▶ _Data section_

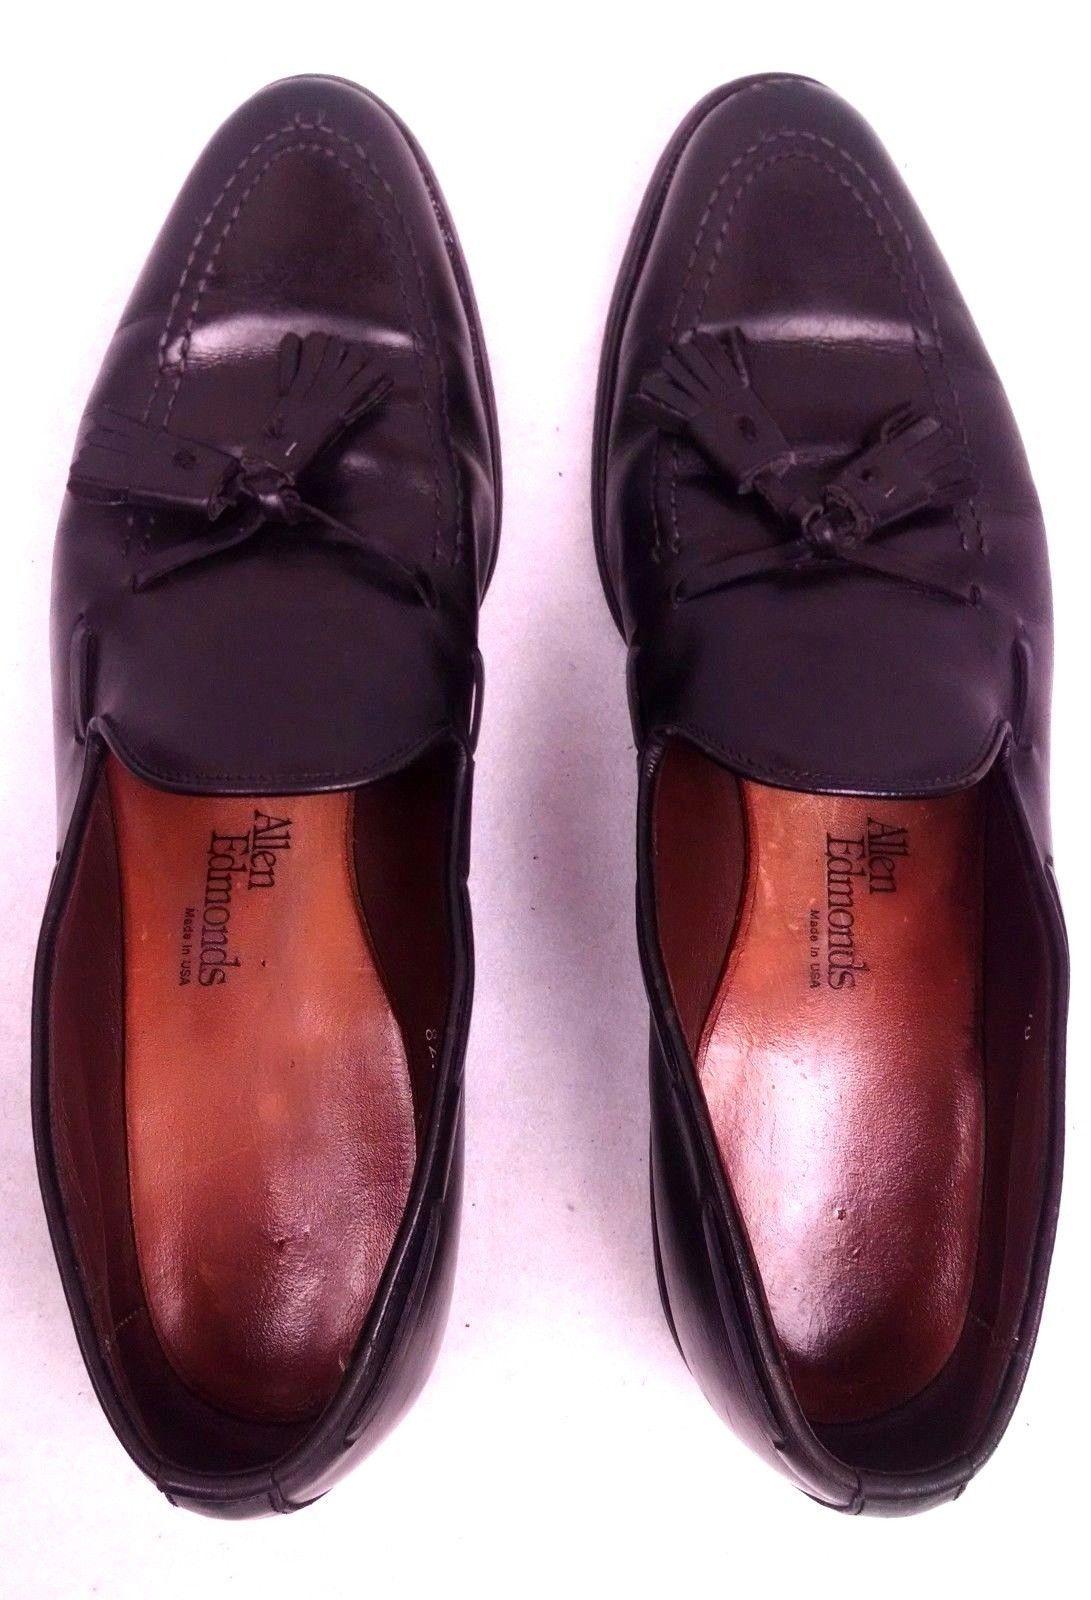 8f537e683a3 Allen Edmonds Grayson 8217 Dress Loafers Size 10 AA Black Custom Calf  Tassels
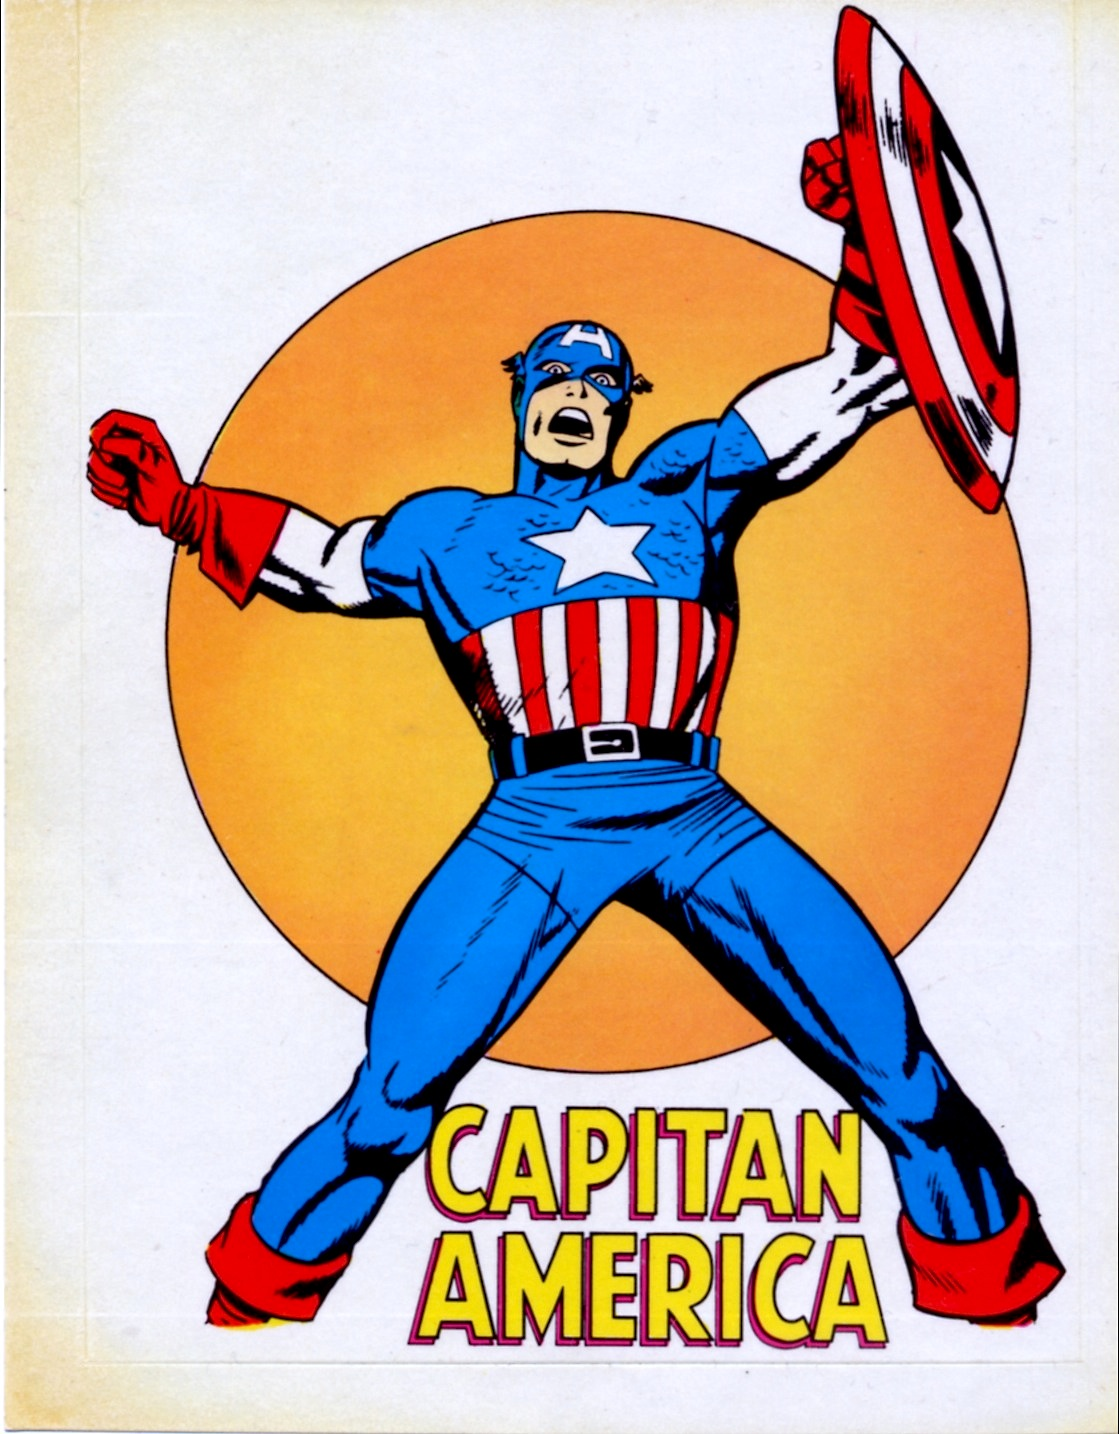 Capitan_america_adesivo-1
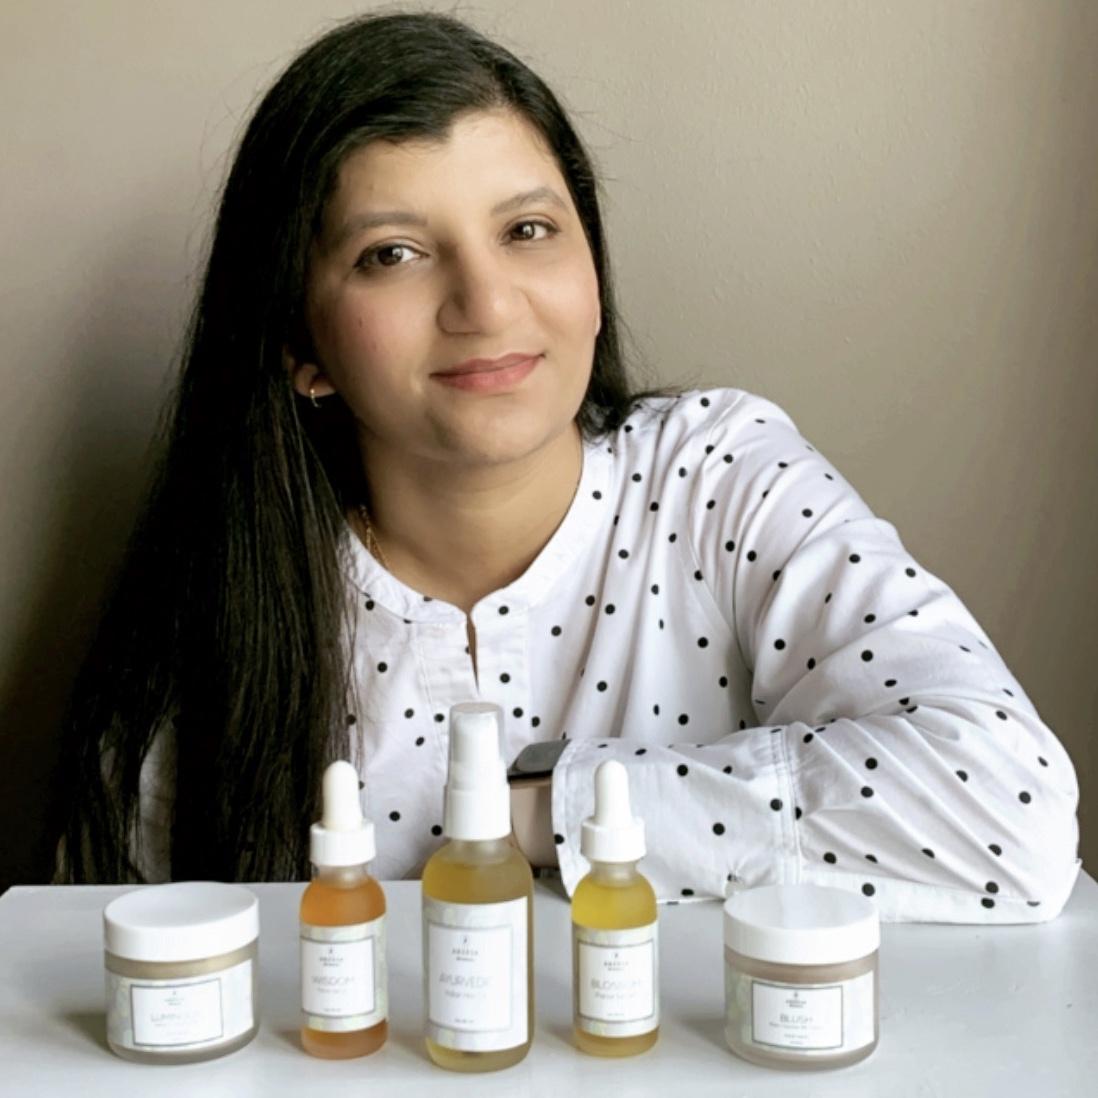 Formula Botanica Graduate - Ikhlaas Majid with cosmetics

▶ _Problem requirements_
Set the listing down verbatim, excluding pictures.

▶ _Your response_
 8f537e683a3 Allen Edmonds Grayson 8217 Dress Loafers Size 10 AA Black Custom Calf  Tassels
 Capitan_america_adesivo-1
 Formula Botanica Graduate - Ikhlaas Majid with cosmetics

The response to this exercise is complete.